On Thu, Oct 24, 2013 at 10:17:10AM +0200, address@hidden wrote:
> Op Do, 24 oktober, 2013 8:03 am schreef Yann Dirson:
> > On Thu, Oct 24, 2013 at 12:14:50AM +0200, Yann Dirson wrote:
> >
> >>> In Shokidoki I don't really change the size of the board, but just
> >>> use a smaller part of it. I used a board with a rim of 'edge guards'
> >>> around it that made off-board squares inaccessible, and just put two
> >>> more rings of edge guards inside the 9x9 area. Note that this also
> >>> gets the promotion zone right for mini-Shogi. I don't know if a
> >>> similar thing could be done with GNU Shogi; I never looked at its data
> >>> structures.
> >>
> >> It's quite similar indeed, that could work, and avoid to change things
> >> like direc and max_steps - good point.
> >
> > On second thought, it is only that simple for odd board sizes, for
> > eg. Judkins Shogi it would imply asymetric promotion zones - but may still
> > be doable, didn't check.
> 
> Indeed. Fortunately Shokidoki does not test for promotion by rank number,
> but uses a board size table, which for each square contains a bitmap to
> specify which group of (colored) piece types can promote there, and which
> group of piece types must promote there (the groups being {P,L}, {N},
> {S,B,R} and {G,K,+P,+L,+N,+S,+B,+R}). That moves the problem to the
> initialization code for filling the table, where speed is no concern at
> all. So Judkins was quite easy there too, I just assume a zone width of
> board_height/3 (rounded down) for deciding whether a square is inside the
> zone. I use a similar system for handling promotions in HaChu.
> 
> But it is all very much dependent on what data structures the program uses
> to hold game state and to generate moves.

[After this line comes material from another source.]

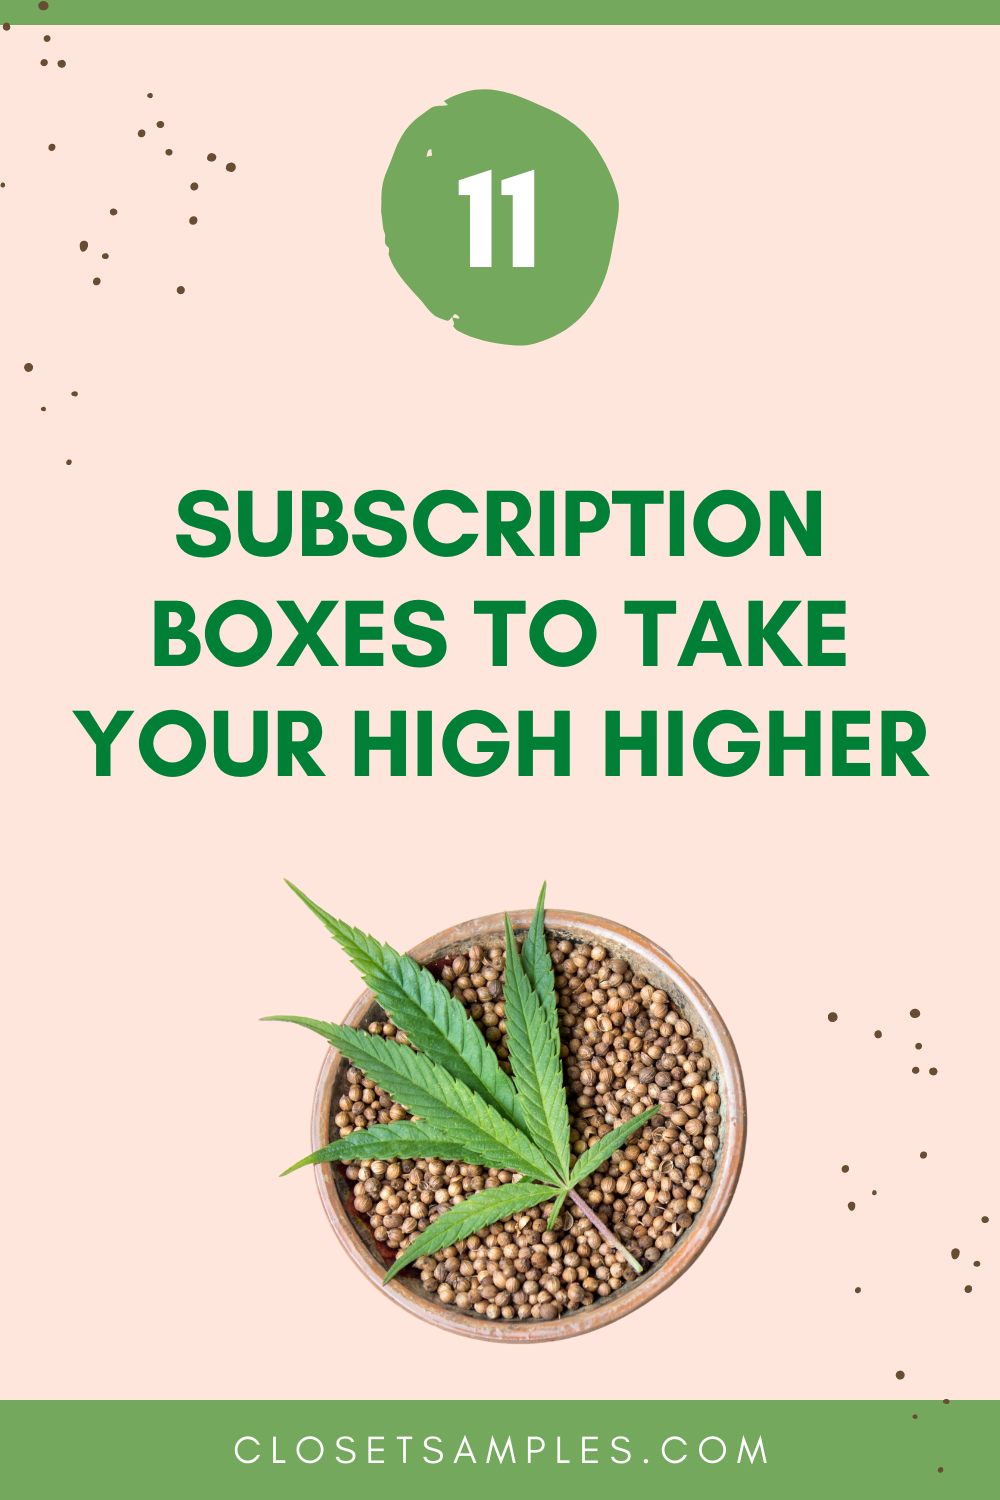 11-Weed-Subscription-Boxes-to-Take-Your-High-Higher-Cratejoy-Closetsamples-Pinterest.png

gnushogi maps the board in a monodimensional array.  While it looks
bit primitive, and makes move description hard to read by humans, it
does have some advantages for this promotion-zone issue :)

#define InBlackCamp(sq) ((sq) < 27)
#define InWhiteCamp(sq) ((sq) > 53)
#define InPromotionZone(side, sq) \
(((side) == black) ? InWhiteCamp(sq) : InBlackCamp(sq))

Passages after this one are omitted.